Rifiuti, un punto di vista vicino al Ministro dell’Ambiente

Riporto questo articolo, non firmato,  dal sito dell’agenzia DIRE, che può essere considerato un punto di vista molto vicino alle posizioni del Ministro dell’Ambiente.

Sicuramente rappresenta delle argomentazioni che verranno trattate nel corso dei lavori sul Piano di rifiuti per Roma e che peseranno sulle decisioni finali, attese per il giorno 11 aprile 2012.

 

Rifiuti, vicini ad una soluzione. Mentre l’Ue ci indica la strada | DIRE LAZIO | Agenzia DIRE.

 

 

Tre incontri fissati al ministero dell’Ambiente. Le linee guida Ue, e alcuni esempi di convivenza con gli inceneritori

 

ROMA – L’emergenza rifiuti nel Lazio e’ alla fase cruciale. Con tre incontri fissati al ministero dell’Ambiente per arrivare a una soluzione. Si deve chiudere Malagrotta, individuare una nuova discarica, chiudere in maniera sostenibile il ciclo dei rifiuti. Alla fine del ciclo, pero’, di un ‘buon ciclo’ dei rifiuti, c’e’ un termovalorizzatore, cioe’ un inceneritore che – nel rispetto della normativa ambientale e della salute dei cittadini – bruci tutto cio’ che non si e’ potuto riusare. E’ cosi’ in Europa, dove ‘casi Campania’ non si verificano, ed e’ cosi’ per l’Unione europea. Ecco, in estrema sintesi, quale e’ la posizione di Bruxelles in materia.

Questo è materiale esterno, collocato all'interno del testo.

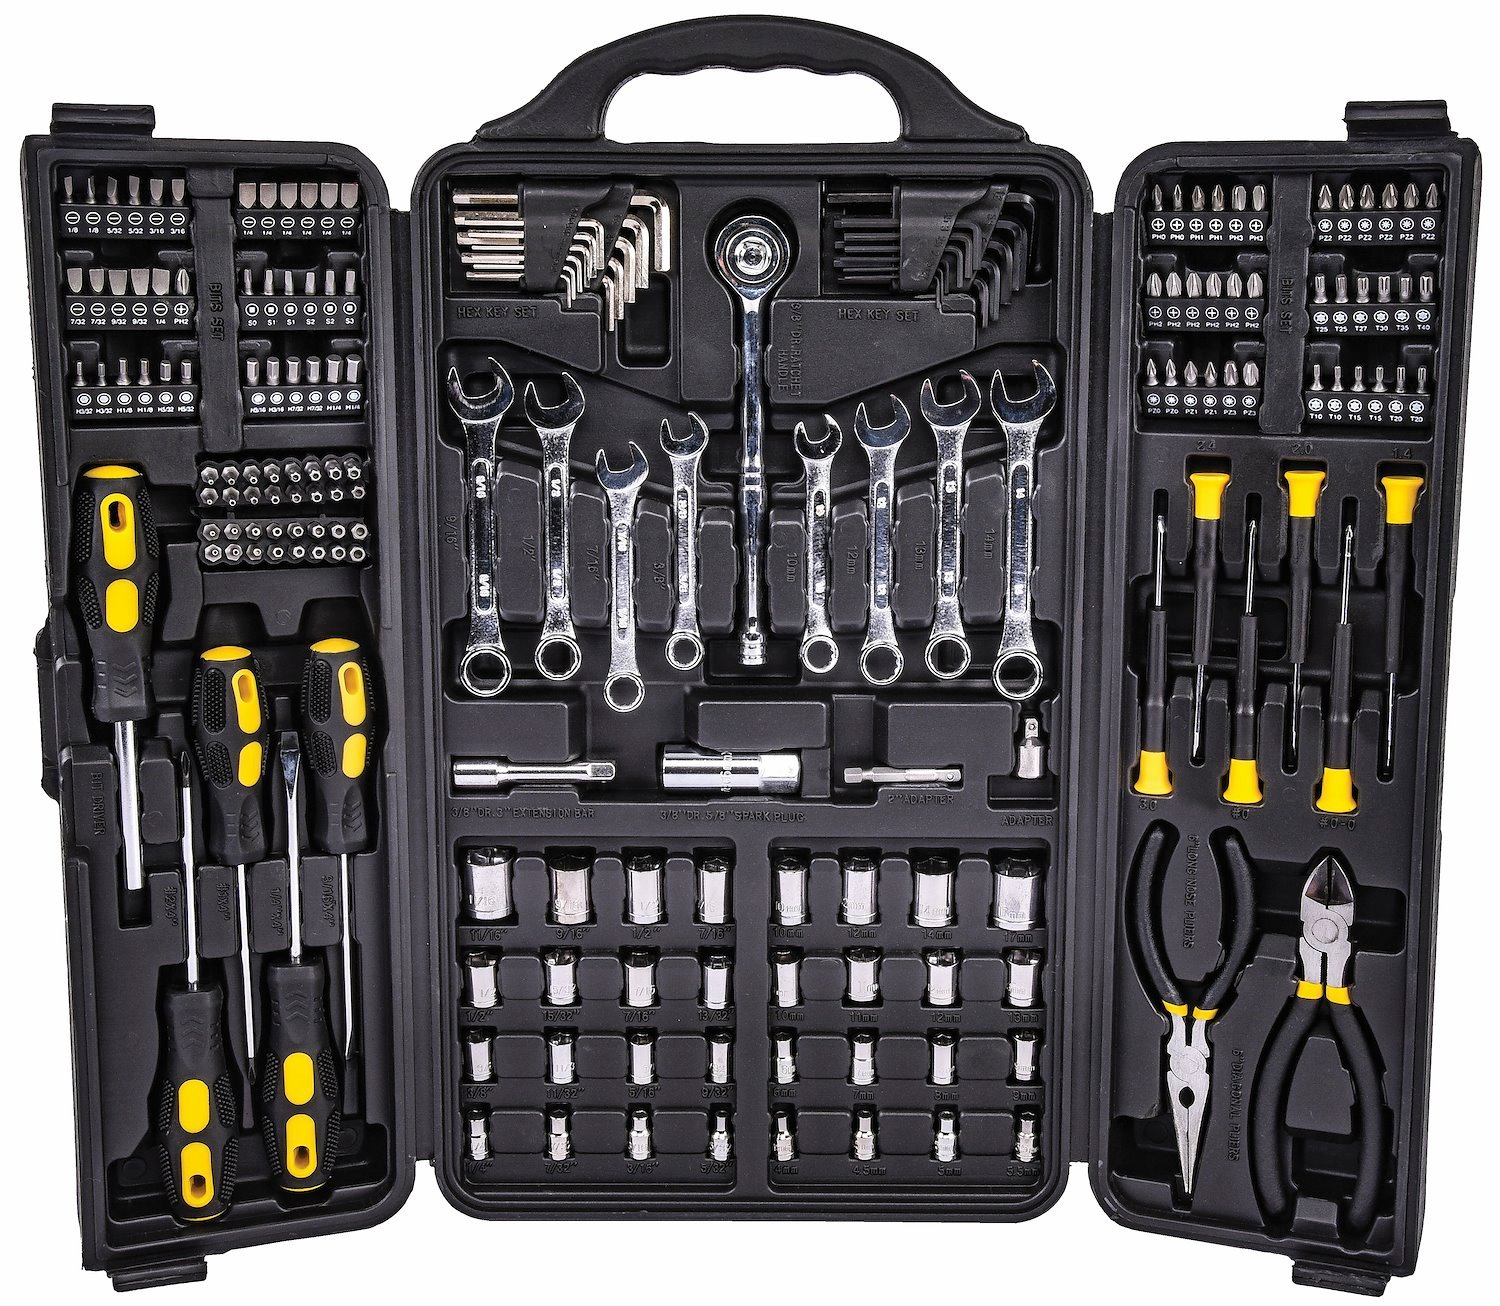 200-Piece Tool Set with Carry Case

Una buona gestione dei rifiuti comincia innanzitutto con la prevenzione: dopo tutto, cio’ che non e’ prodotto non deve essere smaltito. ‘In qualsiasi piano di gestione dei rifiuti la prevenzione e la riduzione al minimo, dovrebbero pertanto avere la priorita’ assoluta’, raccomanda la Commissione. Nelle imprese che producono rifiuti, i pianificatori e i gestori ‘devono sempre scegliere l’opzione di trattamento ottimale, che comporti i minori rischi possibili per la salute umana e l’ambiente’.

Ciascuna opzione di trattamento comporta impatti diversi, per diversi comparti ambientali. Il riciclo completo, o parziale, significa che le quantita’ di rifiuti da smaltire possono essere ridotte, evitando di usare materie prime. Ad esempio il compostaggio di materiale organico, puo’ ridurre le quantita’ di rifiuti da smaltire. Il compostaggio di qualita’ fornisce un prodotto finale valido, che puo’ essere usato come ammendante (sostanza, naturale o sintetica, minerale od organica, capace di modificare e migliorare le proprieta’ e le caratteristiche chimiche, fisiche, biologiche e meccaniche di un terreno) in agricoltura. In alcuni casi, si puo’ recuperare l’energia dal materiale di scarto ed usarla come combustibile.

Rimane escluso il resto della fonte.